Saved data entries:
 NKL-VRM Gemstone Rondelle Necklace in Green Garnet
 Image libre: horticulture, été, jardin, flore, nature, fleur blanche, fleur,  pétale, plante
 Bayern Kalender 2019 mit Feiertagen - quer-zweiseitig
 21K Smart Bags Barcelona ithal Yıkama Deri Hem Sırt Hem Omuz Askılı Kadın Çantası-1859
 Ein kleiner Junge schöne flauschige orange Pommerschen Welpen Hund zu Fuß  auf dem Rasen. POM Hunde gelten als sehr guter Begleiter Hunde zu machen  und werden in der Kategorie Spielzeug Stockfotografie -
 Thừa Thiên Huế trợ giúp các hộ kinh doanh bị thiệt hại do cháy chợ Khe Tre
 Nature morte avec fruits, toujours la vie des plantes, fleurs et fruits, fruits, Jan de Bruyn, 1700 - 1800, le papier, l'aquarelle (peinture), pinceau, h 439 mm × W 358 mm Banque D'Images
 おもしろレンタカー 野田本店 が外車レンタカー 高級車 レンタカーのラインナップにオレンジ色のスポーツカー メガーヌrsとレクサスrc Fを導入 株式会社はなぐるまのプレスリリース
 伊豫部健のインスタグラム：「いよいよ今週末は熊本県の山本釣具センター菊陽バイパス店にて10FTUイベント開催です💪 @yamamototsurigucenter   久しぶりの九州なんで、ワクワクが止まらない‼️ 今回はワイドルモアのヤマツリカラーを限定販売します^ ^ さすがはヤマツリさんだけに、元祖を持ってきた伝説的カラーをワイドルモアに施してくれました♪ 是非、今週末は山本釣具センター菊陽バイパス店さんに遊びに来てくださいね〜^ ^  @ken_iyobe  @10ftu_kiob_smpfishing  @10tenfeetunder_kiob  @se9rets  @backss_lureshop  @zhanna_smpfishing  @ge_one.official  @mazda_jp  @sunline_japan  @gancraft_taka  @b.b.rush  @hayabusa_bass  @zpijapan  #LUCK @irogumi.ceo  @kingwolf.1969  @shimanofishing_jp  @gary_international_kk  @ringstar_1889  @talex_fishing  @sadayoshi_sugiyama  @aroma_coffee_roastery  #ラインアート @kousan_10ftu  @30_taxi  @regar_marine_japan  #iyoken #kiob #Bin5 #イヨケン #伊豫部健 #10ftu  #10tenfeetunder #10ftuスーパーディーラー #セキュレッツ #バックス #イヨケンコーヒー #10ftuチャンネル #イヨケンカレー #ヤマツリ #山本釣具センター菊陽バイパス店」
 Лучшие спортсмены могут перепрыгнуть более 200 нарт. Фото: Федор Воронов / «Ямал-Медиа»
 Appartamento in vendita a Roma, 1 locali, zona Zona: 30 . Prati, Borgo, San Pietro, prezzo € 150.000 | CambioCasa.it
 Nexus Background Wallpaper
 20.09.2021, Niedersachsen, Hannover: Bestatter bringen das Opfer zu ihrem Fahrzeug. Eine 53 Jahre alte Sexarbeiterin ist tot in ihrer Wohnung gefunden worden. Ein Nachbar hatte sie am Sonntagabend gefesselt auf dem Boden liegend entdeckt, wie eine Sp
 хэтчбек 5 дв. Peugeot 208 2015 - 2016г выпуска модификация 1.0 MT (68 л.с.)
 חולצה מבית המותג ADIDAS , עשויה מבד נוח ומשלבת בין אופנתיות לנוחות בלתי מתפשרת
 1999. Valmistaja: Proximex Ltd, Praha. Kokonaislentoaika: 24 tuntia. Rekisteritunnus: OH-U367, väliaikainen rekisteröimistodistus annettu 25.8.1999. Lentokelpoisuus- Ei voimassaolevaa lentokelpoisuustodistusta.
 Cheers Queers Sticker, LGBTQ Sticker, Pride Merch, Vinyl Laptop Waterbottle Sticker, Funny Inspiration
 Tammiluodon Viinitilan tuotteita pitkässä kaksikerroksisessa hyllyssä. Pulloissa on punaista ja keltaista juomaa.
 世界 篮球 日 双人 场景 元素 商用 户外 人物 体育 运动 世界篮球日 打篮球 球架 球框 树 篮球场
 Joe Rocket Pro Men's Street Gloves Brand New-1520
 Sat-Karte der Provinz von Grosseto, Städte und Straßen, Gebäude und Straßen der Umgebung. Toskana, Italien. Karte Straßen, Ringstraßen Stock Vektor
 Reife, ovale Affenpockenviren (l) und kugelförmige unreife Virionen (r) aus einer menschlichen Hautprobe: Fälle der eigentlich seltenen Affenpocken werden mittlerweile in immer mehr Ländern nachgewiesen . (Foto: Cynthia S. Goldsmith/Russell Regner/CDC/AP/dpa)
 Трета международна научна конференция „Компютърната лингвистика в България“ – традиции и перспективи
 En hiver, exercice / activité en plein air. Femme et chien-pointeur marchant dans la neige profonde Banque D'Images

EXERCISE DIRECTIONS »
The reply should restate the records above in full, character for character.

RESPONSE FOR THIS EXERCISE »
 NKL-VRM Gemstone Rondelle Necklace in Green Garnet
 Image libre: horticulture, été, jardin, flore, nature, fleur blanche, fleur,  pétale, plante
 Bayern Kalender 2019 mit Feiertagen - quer-zweiseitig
 21K Smart Bags Barcelona ithal Yıkama Deri Hem Sırt Hem Omuz Askılı Kadın Çantası-1859
 Ein kleiner Junge schöne flauschige orange Pommerschen Welpen Hund zu Fuß  auf dem Rasen. POM Hunde gelten als sehr guter Begleiter Hunde zu machen  und werden in der Kategorie Spielzeug Stockfotografie -
 Thừa Thiên Huế trợ giúp các hộ kinh doanh bị thiệt hại do cháy chợ Khe Tre
 Nature morte avec fruits, toujours la vie des plantes, fleurs et fruits, fruits, Jan de Bruyn, 1700 - 1800, le papier, l'aquarelle (peinture), pinceau, h 439 mm × W 358 mm Banque D'Images
 おもしろレンタカー 野田本店 が外車レンタカー 高級車 レンタカーのラインナップにオレンジ色のスポーツカー メガーヌrsとレクサスrc Fを導入 株式会社はなぐるまのプレスリリース
 伊豫部健のインスタグラム：「いよいよ今週末は熊本県の山本釣具センター菊陽バイパス店にて10FTUイベント開催です💪 @yamamototsurigucenter   久しぶりの九州なんで、ワクワクが止まらない‼️ 今回はワイドルモアのヤマツリカラーを限定販売します^ ^ さすがはヤマツリさんだけに、元祖を持ってきた伝説的カラーをワイドルモアに施してくれました♪ 是非、今週末は山本釣具センター菊陽バイパス店さんに遊びに来てくださいね〜^ ^  @ken_iyobe  @10ftu_kiob_smpfishing  @10tenfeetunder_kiob  @se9rets  @backss_lureshop  @zhanna_smpfishing  @ge_one.official  @mazda_jp  @sunline_japan  @gancraft_taka  @b.b.rush  @hayabusa_bass  @zpijapan  #LUCK @irogumi.ceo  @kingwolf.1969  @shimanofishing_jp  @gary_international_kk  @ringstar_1889  @talex_fishing  @sadayoshi_sugiyama  @aroma_coffee_roastery  #ラインアート @kousan_10ftu  @30_taxi  @regar_marine_japan  #iyoken #kiob #Bin5 #イヨケン #伊豫部健 #10ftu  #10tenfeetunder #10ftuスーパーディーラー #セキュレッツ #バックス #イヨケンコーヒー #10ftuチャンネル #イヨケンカレー #ヤマツリ #山本釣具センター菊陽バイパス店」
 Лучшие спортсмены могут перепрыгнуть более 200 нарт. Фото: Федор Воронов / «Ямал-Медиа»
 Appartamento in vendita a Roma, 1 locali, zona Zona: 30 . Prati, Borgo, San Pietro, prezzo € 150.000 | CambioCasa.it
 Nexus Background Wallpaper
 20.09.2021, Niedersachsen, Hannover: Bestatter bringen das Opfer zu ihrem Fahrzeug. Eine 53 Jahre alte Sexarbeiterin ist tot in ihrer Wohnung gefunden worden. Ein Nachbar hatte sie am Sonntagabend gefesselt auf dem Boden liegend entdeckt, wie eine Sp
 хэтчбек 5 дв. Peugeot 208 2015 - 2016г выпуска модификация 1.0 MT (68 л.с.)
 חולצה מבית המותג ADIDAS , עשויה מבד נוח ומשלבת בין אופנתיות לנוחות בלתי מתפשרת
 1999. Valmistaja: Proximex Ltd, Praha. Kokonaislentoaika: 24 tuntia. Rekisteritunnus: OH-U367, väliaikainen rekisteröimistodistus annettu 25.8.1999. Lentokelpoisuus- Ei voimassaolevaa lentokelpoisuustodistusta.
 Cheers Queers Sticker, LGBTQ Sticker, Pride Merch, Vinyl Laptop Waterbottle Sticker, Funny Inspiration
 Tammiluodon Viinitilan tuotteita pitkässä kaksikerroksisessa hyllyssä. Pulloissa on punaista ja keltaista juomaa.
 世界 篮球 日 双人 场景 元素 商用 户外 人物 体育 运动 世界篮球日 打篮球 球架 球框 树 篮球场
 Joe Rocket Pro Men's Street Gloves Brand New-1520
 Sat-Karte der Provinz von Grosseto, Städte und Straßen, Gebäude und Straßen der Umgebung. Toskana, Italien. Karte Straßen, Ringstraßen Stock Vektor
 Reife, ovale Affenpockenviren (l) und kugelförmige unreife Virionen (r) aus einer menschlichen Hautprobe: Fälle der eigentlich seltenen Affenpocken werden mittlerweile in immer mehr Ländern nachgewiesen . (Foto: Cynthia S. Goldsmith/Russell Regner/CDC/AP/dpa)
 Трета международна научна конференция „Компютърната лингвистика в България“ – традиции и перспективи
 En hiver, exercice / activité en plein air. Femme et chien-pointeur marchant dans la neige profonde Banque D'Images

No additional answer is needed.